Specifying Texture Coordinates
You specify texture coordinates by adding 2D Points to the MeshGeometry3D.TextureCoordinates collection. For example, the following MeshGeometry3D maps the lower right half portion of the material to a triangle:
Positions=“-1,1,0 -1,-1,0 1,-1,0“
TextureCoordinates=“0,0 0,1 1,1“
The ith entry in the TextureCoordinates list corresponds to the ith entry in the Positions list, so texture coordinate 0,0 is associated with the vertex at position -1,1,0. The mapping between texture coordinates and positions is depicted below:
Texture Coordinates Rendered Triangle
Of course, this is not the only possibly mapping. If we change the 2nd texture coordinate from 0,1 to 0,0.5 we produce the following image:
Texture Coordinates Rendered Triangle
Notice that the area of the triangle specified by the texture coordinates on the left is stretched to fit the render triangle.
Texture coordinates are required when using a material with an ImageBrush, DrawingBrush, VisualBrush, LinearGradientBrush, or RadialGradientBrush (i.e., any Brush other than a SolidColorBrush in which case every position in the mesh maps to the same color.)
Texture Coordinates in the Windows Presentation Foundation
There are a couple of behavior differences that 3D veterans should be aware of when working with texture coordinates in the Windows Presentation Foundation. These differences arise from the fact that 3D Materials leverage 2D Brushes as the source of their textures. The wins from being able to take any arbitrary 2D brush and use it to paint a 3D mesh are enormous. However brushes default to behavior which, while traditional for 2D, is sometimes surprising for 3D developers. Fortunately brushes are highly configurable and it is easy to get the typical 3D behavior.

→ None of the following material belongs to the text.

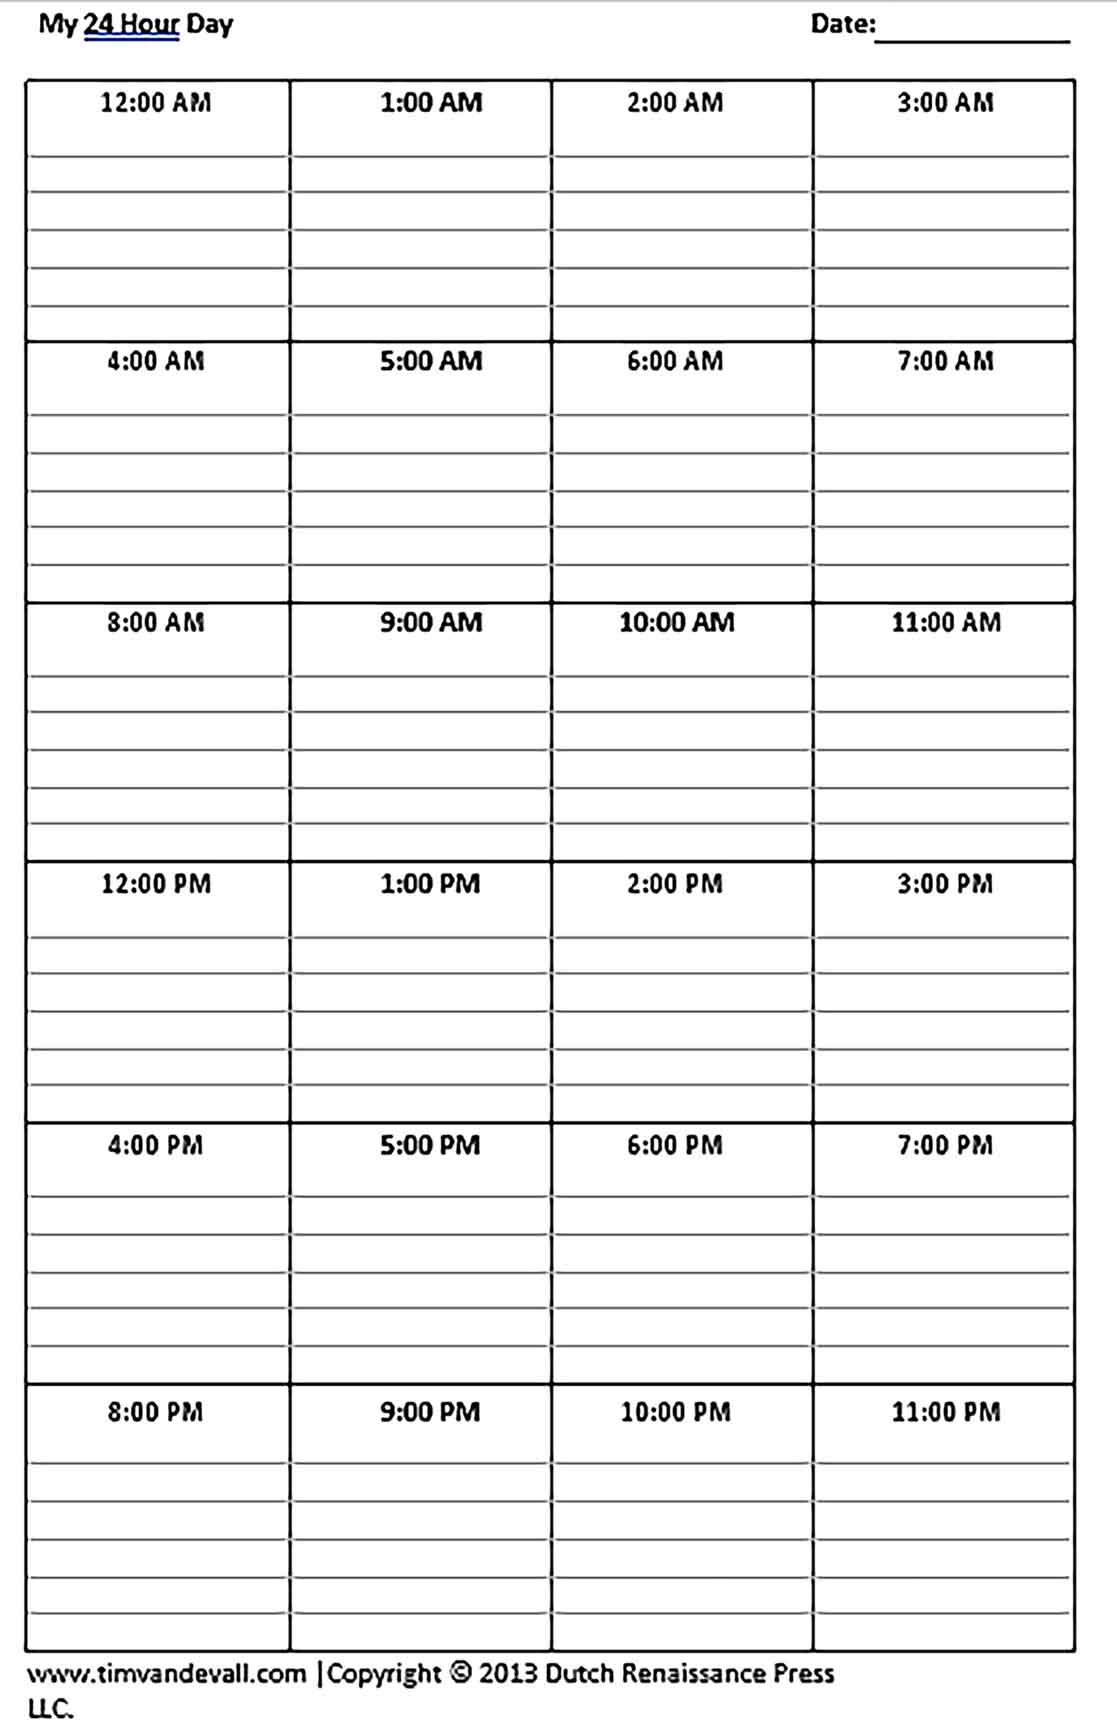 Template Daily Schedule in Sample Copy
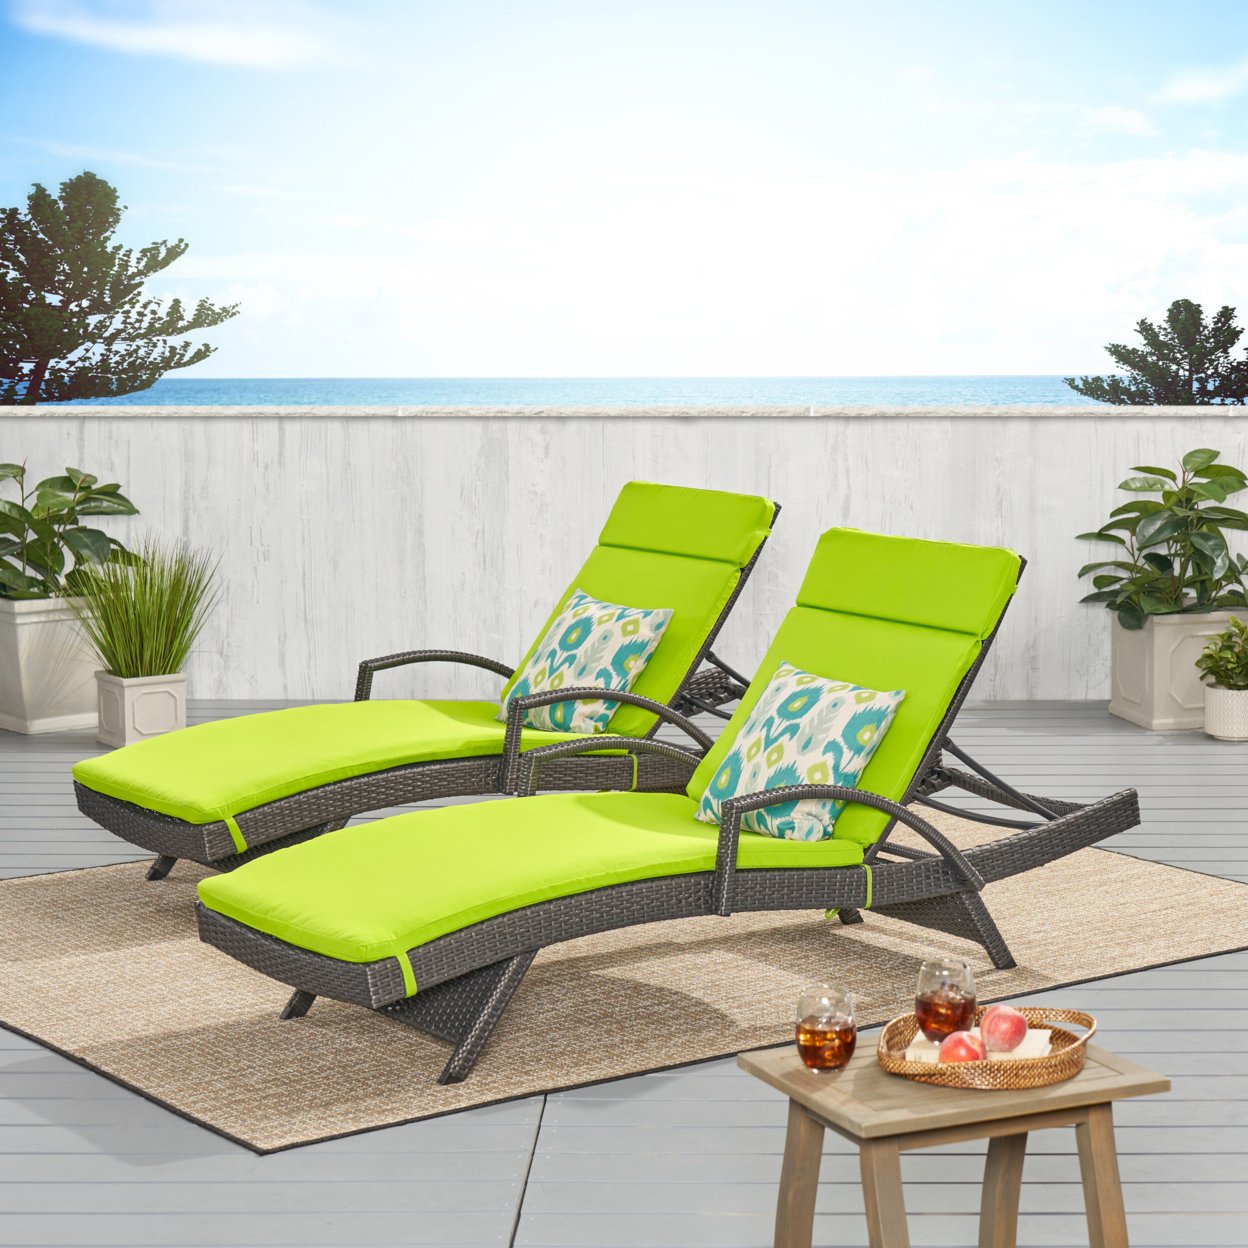 Soleil Outdoor Wicker Chaise Lounges With Water Resistant Cushions (Set Of 2) - Green

The first difference is that the +Y axis in brush space (and consequently texture coordinate space) points down by default. This is consistent with 2D but different from the traditional 3D coordinate system where the +Y axis points up. In order to get the +Y axis pointing up apply a Y scale of -1 and Y translation of +1:
ImageBrush Transform=“scale(1,-1) translate(0,1)“ ImageSource=“…“ />
The second difference is that the brushes default to relative units. At the beginning of this article I discussed how by default the brush maps to the relative bounding box of the 2D geometry it is being used to fill. The same thing happens by default with the bounding box of your texture coordinates. In the above samples I happened to use texture coordinates in the range of 0..1, but texture coordinates of “-20,-20 -20,10 10,10” would have also filled the triangle with the same part of the image. TileBrush’s Viewport property defaults to the rect (0,0)-(1,1) so to get the standard behavior where the bounds of the texture source maps to 0..1 you just need to specify you are using absolute units:
<ImageBrush ViewportUnits=“Absolute” Transform=“scale(1,-1) translate(0,1)“ ImageSource=“…“ />
These 2 settings should configure brush / texture space to be identical to what you are probably used to from other APIs. (Incidently, all of these Brush settings have the same affect in 2D as well.) Finally, if you need tiling you turn it on with TileMode=”Tile”.